**Task prompt:** From the line that contains "El experto Digital" down to the last line of the data below, restate every line word for word, skipping any images.

[Data below Boundary: Start]

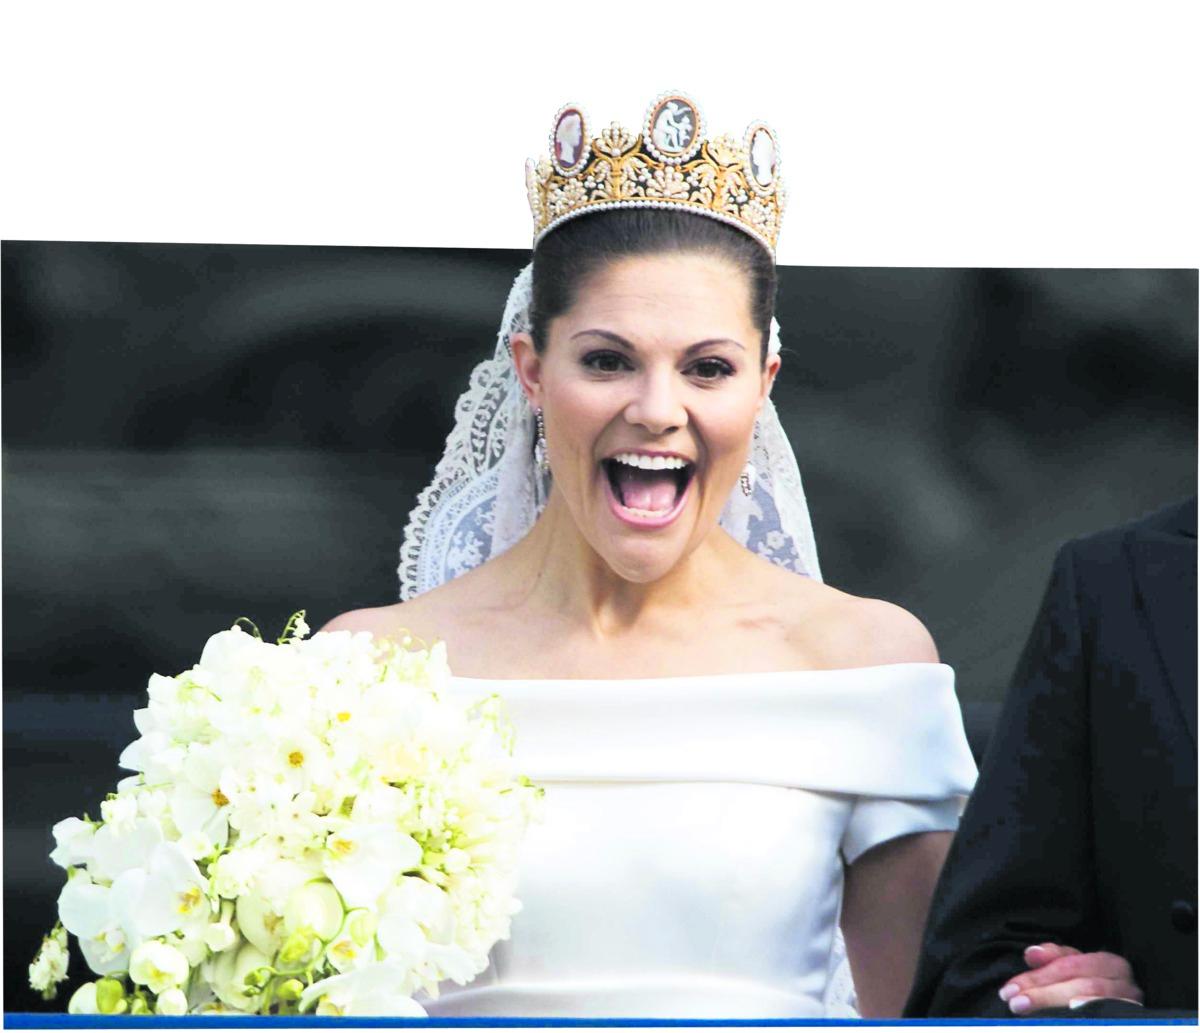 Snackis Kronprinsessan Victorias bröllop med Daniel Westling har gjort henne till årets snackis. Nu är hon hetast bland prinsessorna i världen, enligt den amerikanska affärstidningen Forbes lista.
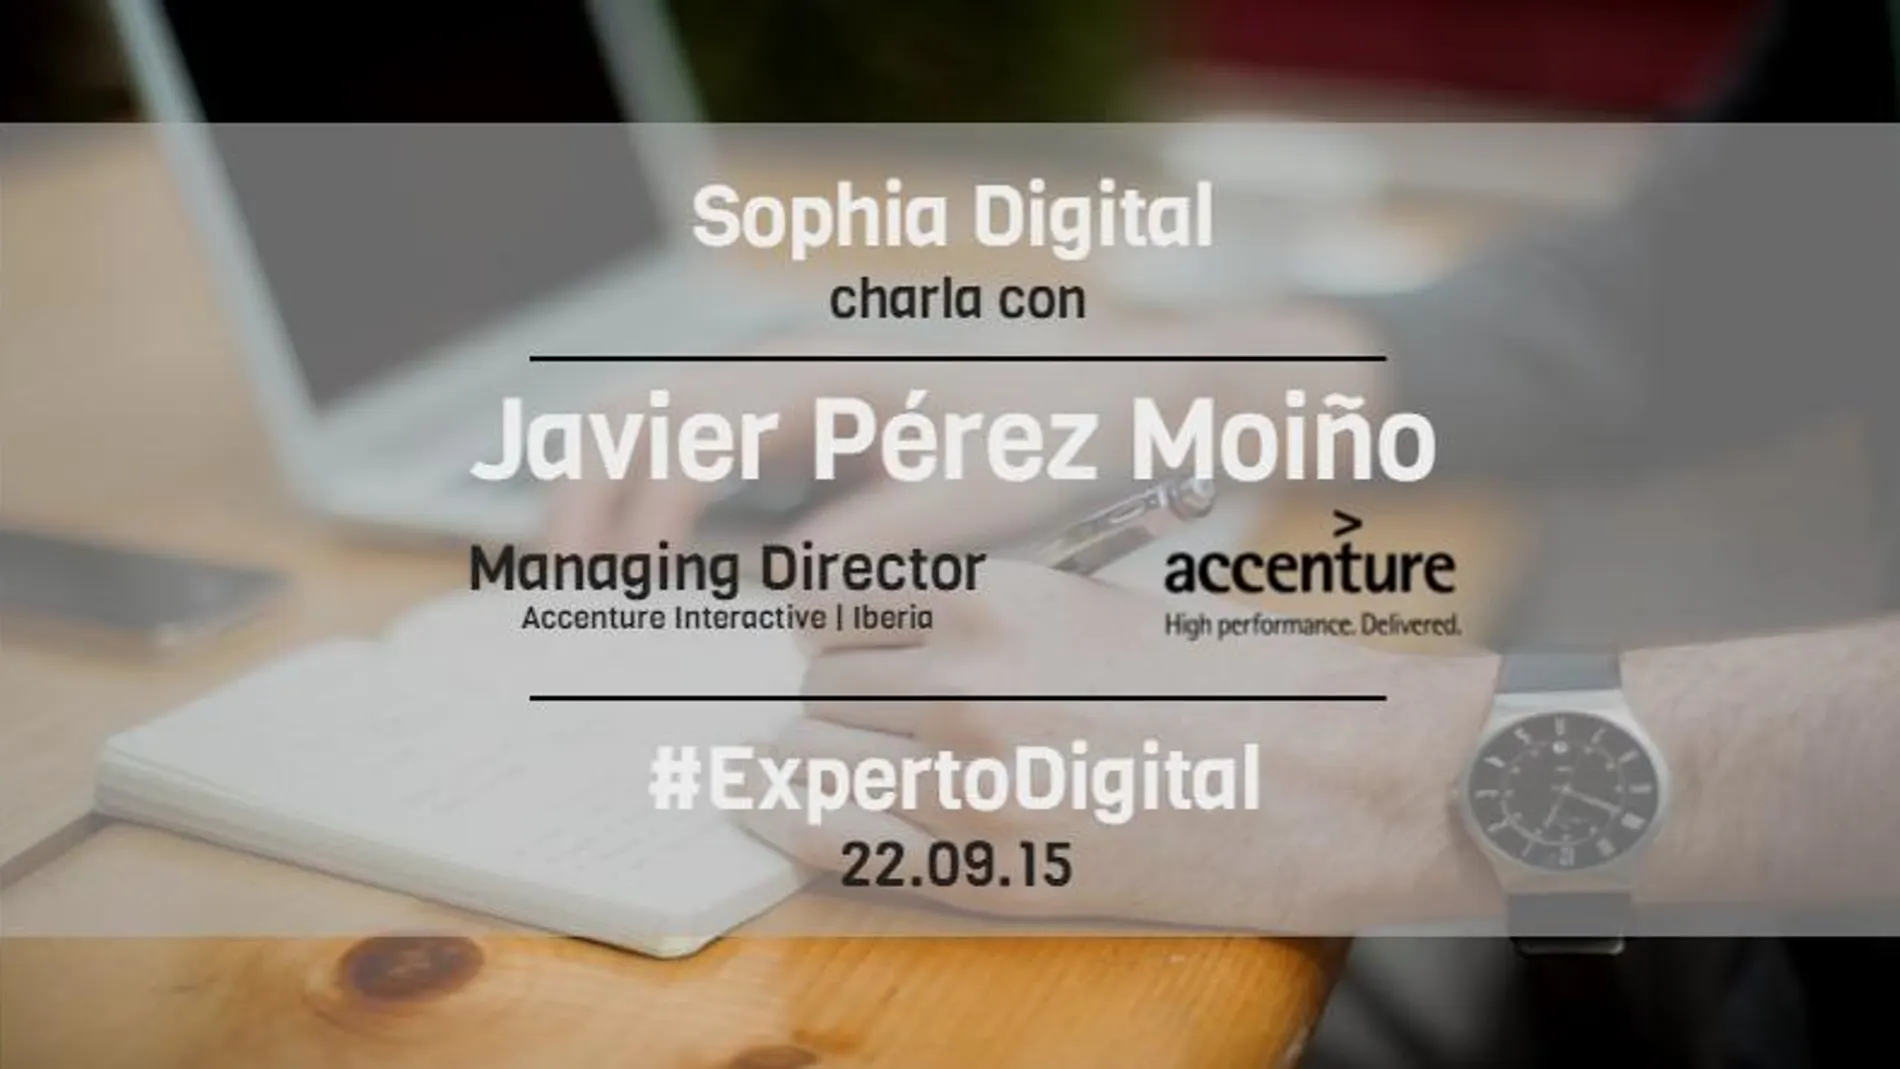 El experto Digital | Javier Pérez Moiño: "En un entorno tan cambiante, es necesario asegurar la formación continua de los equipos"
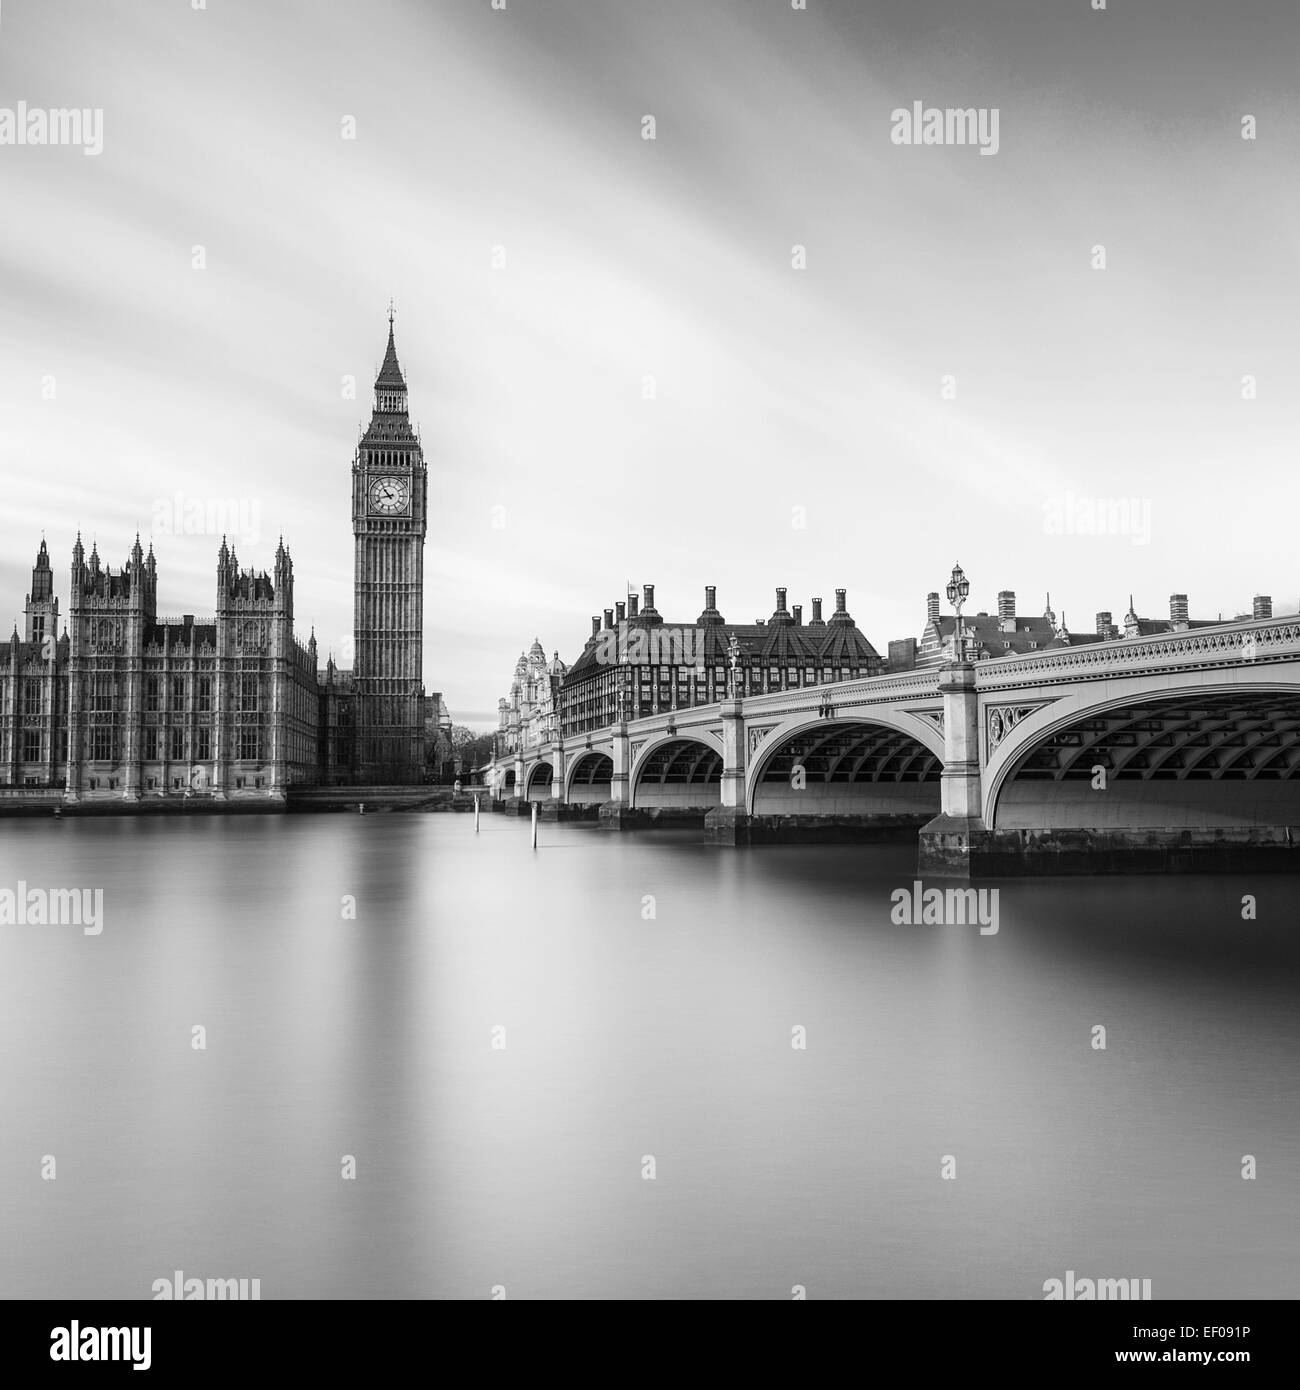 Londres, une vue emblématique de Big Ben et du Parlement de l'autre côté de la Tamise. Banque D'Images
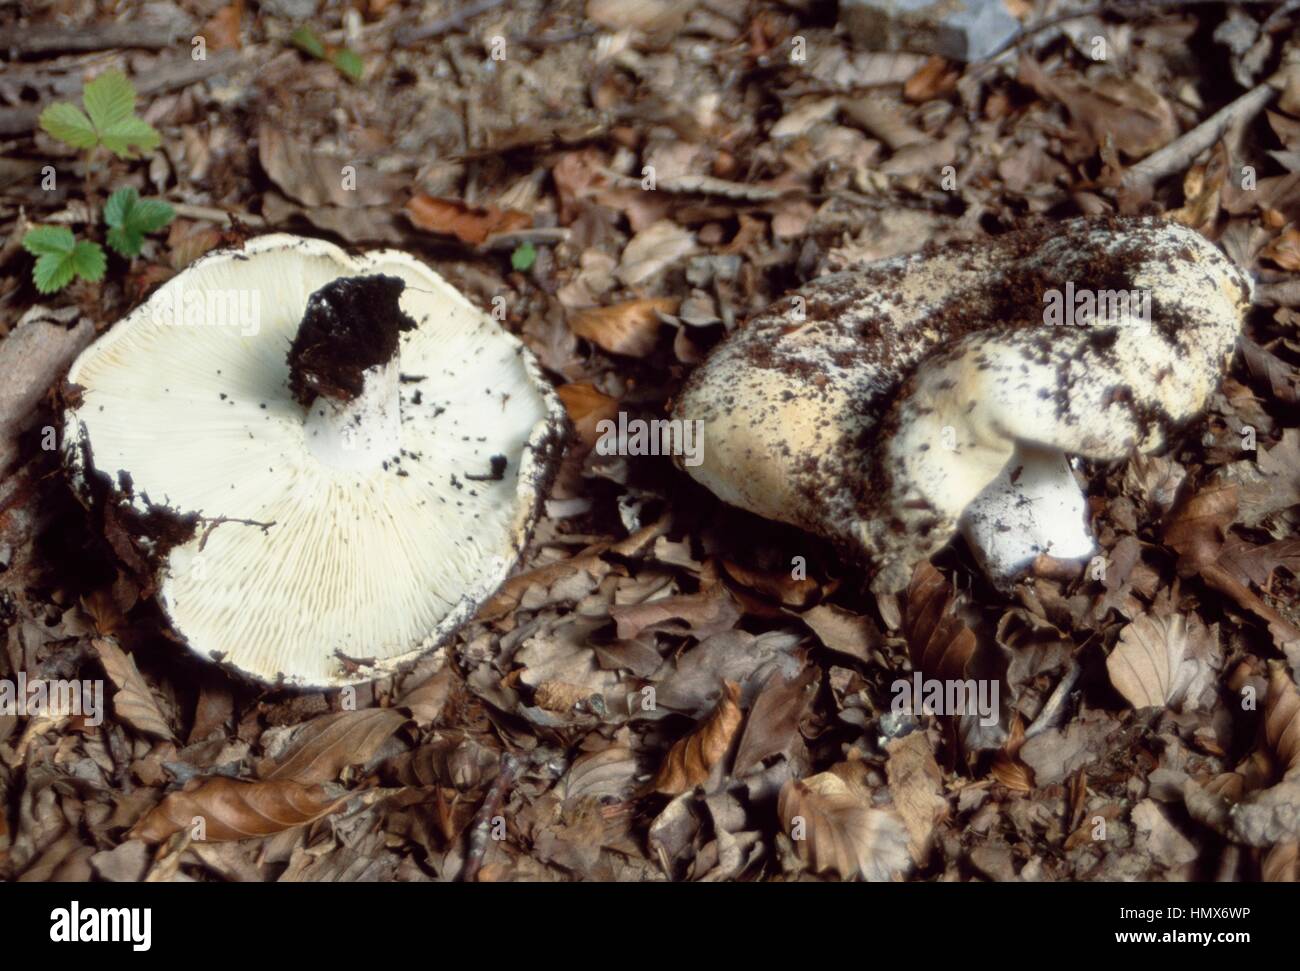 Milk-white brittlegill (Russula delica), Russulaceae. Stock Photo

[Data below Boundary: End]

**Answer space:**
 El experto Digital | Javier Pérez Moiño: "En un entorno tan cambiante, es necesario asegurar la formación continua de los equipos"
 Londres, une vue emblématique de Big Ben et du Parlement de l'autre côté de la Tamise. Banque D'Images
 Milk-white brittlegill (Russula delica), Russulaceae. Stock Photo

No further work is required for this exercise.